== Segment start ==

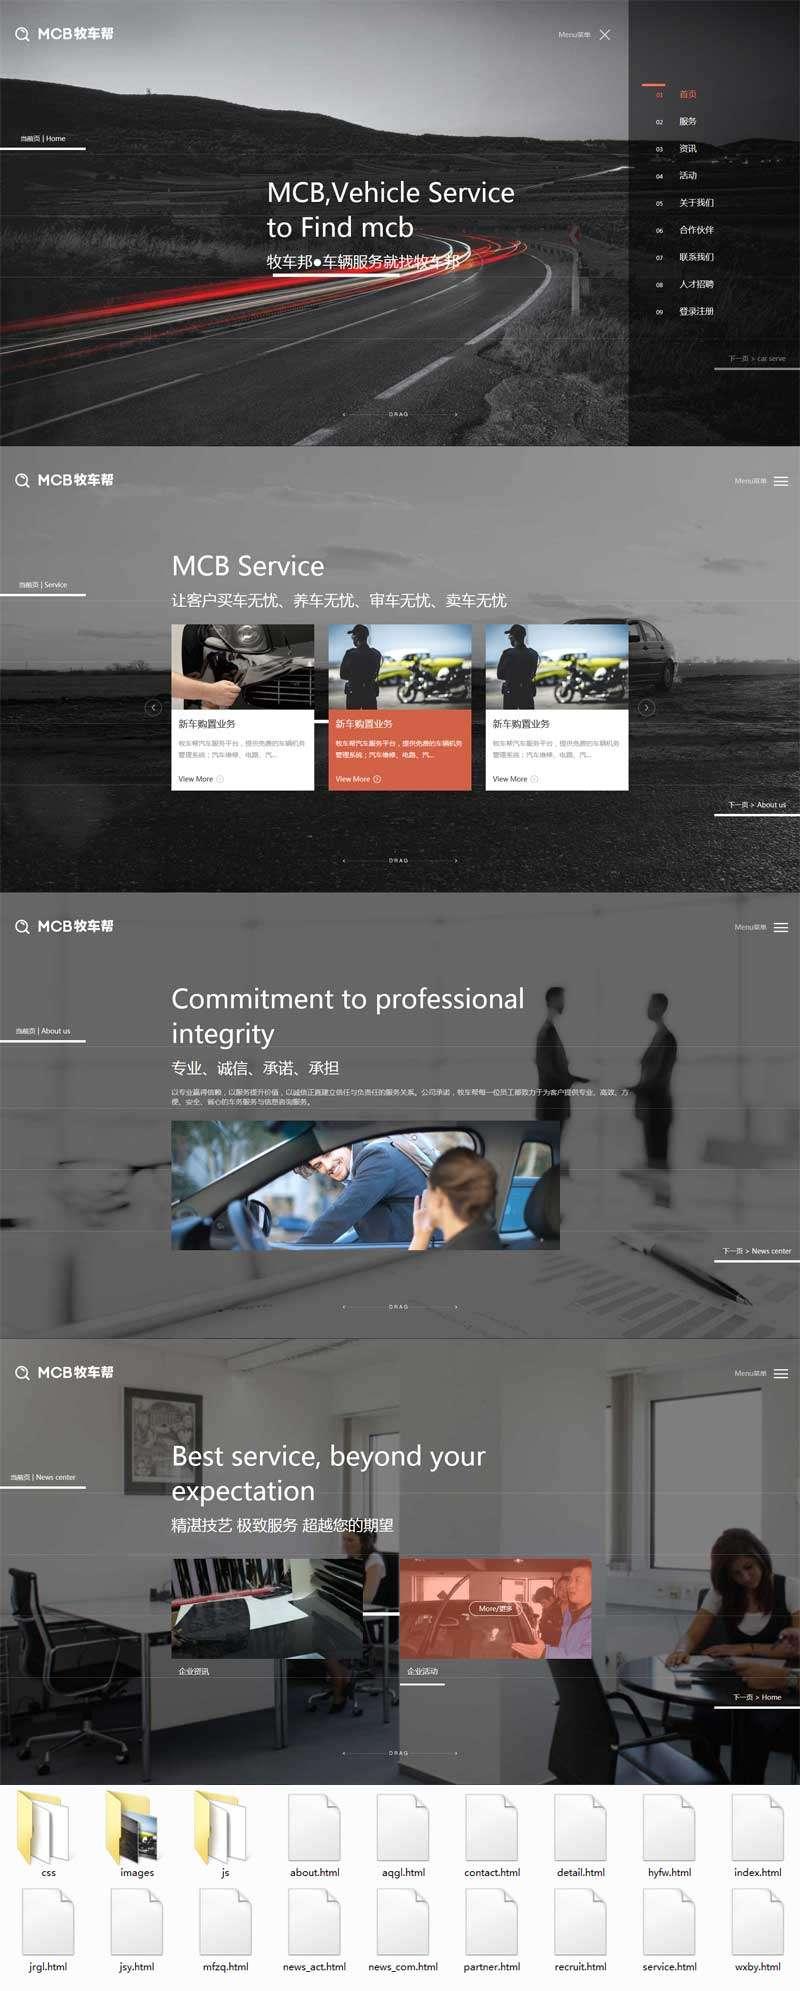 黑色全屏的4S店车辆服务公司官网模板
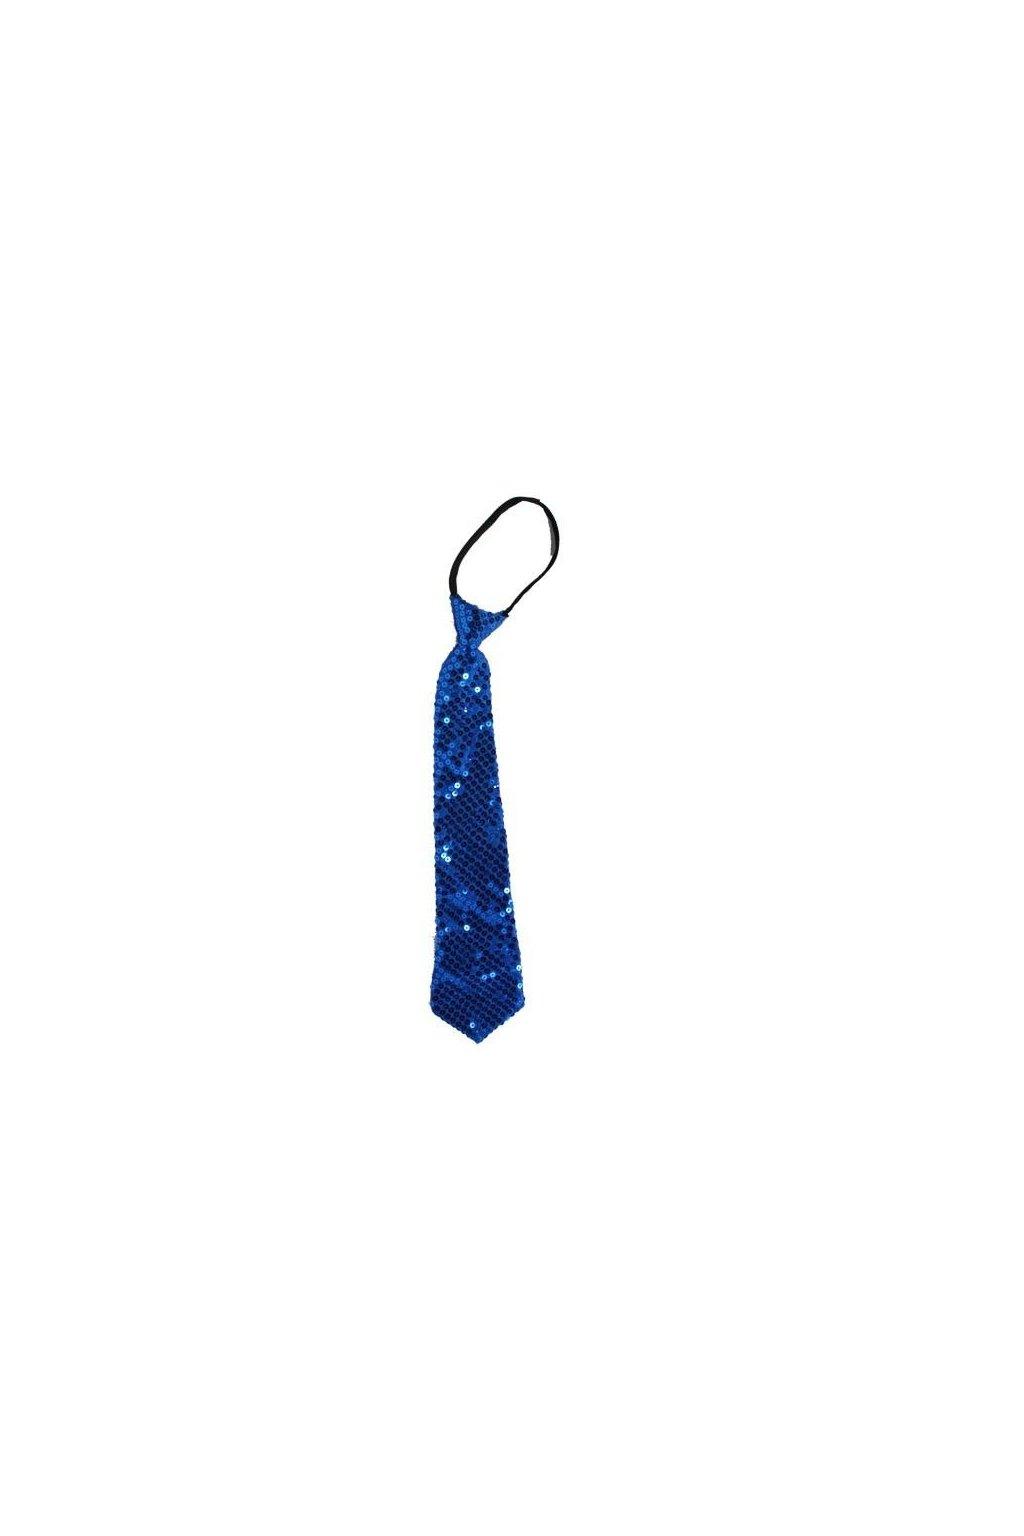 Luxusní flitrovaná kravata - MODRÁ
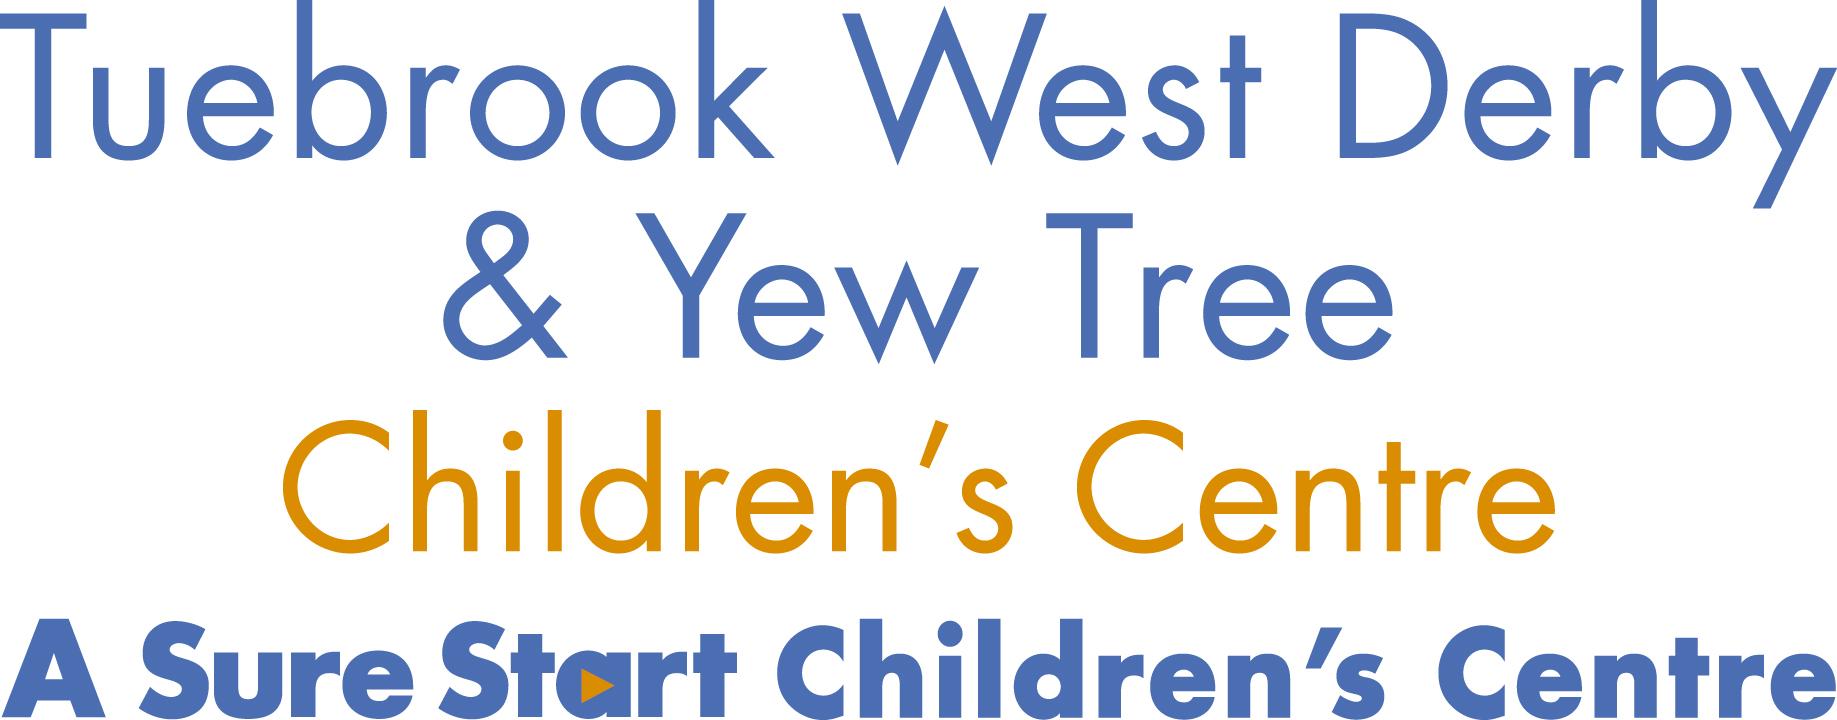 Tuebrook, West Derby & Yew Tree Children Centre's logo
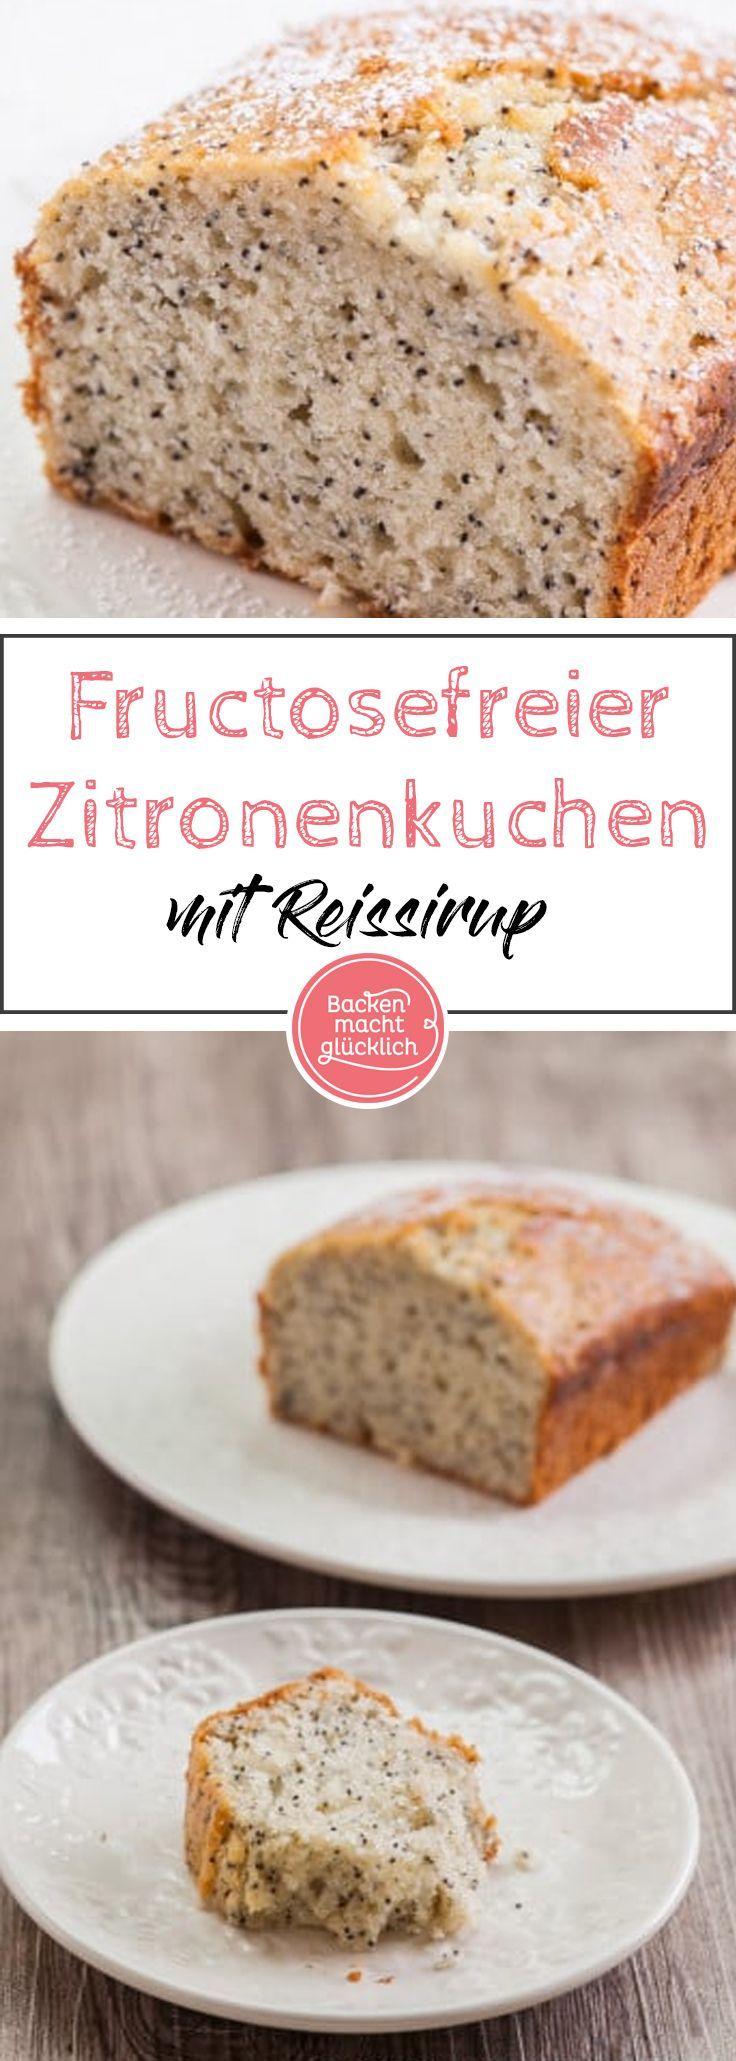 Rhabarberkuchen Mehlfrei Milchfrei Und Sehr Fructosearm Rezept Rhabarberkuchen Rezepte Rhabarber
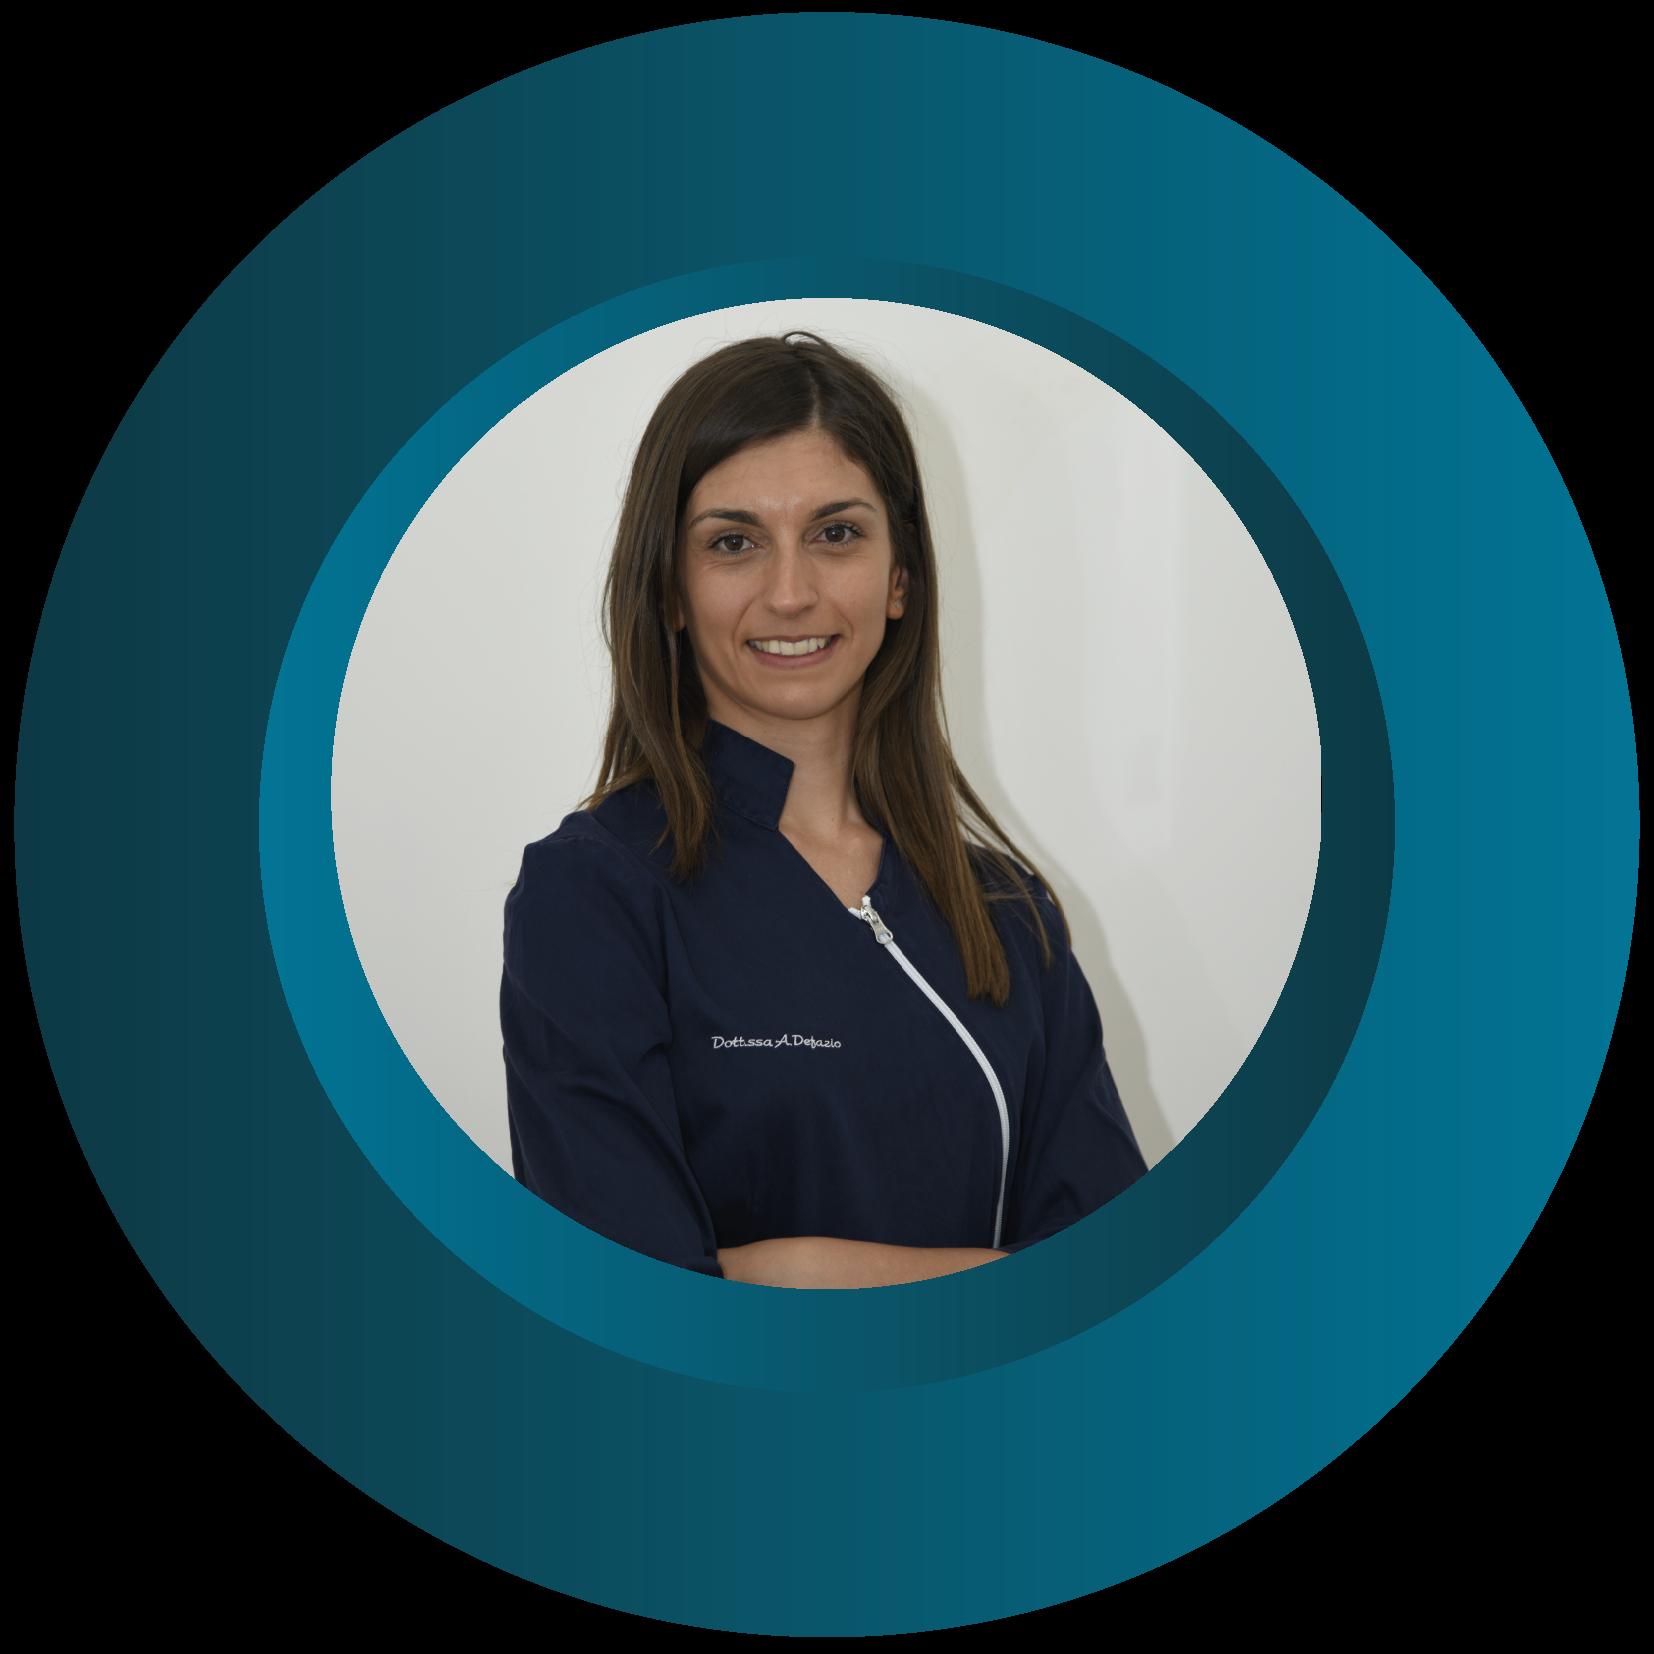 Dott.ssa Angela Defazio

== Segment end ==

- What to work on: The data must be reproduced exactly, and no picture may appear in the copy.

- Reply:
 黑色全屏的4S店车辆服务公司官网模板
 Luxusní flitrovaná kravata - MODRÁ
 Tuebrook, West Derby & Yew Tree Children Centre's logo
 Rhabarberkuchen Mehlfrei Milchfrei Und Sehr Fructosearm Rezept Rhabarberkuchen Rezepte Rhabarber
 Dott.ssa Angela Defazio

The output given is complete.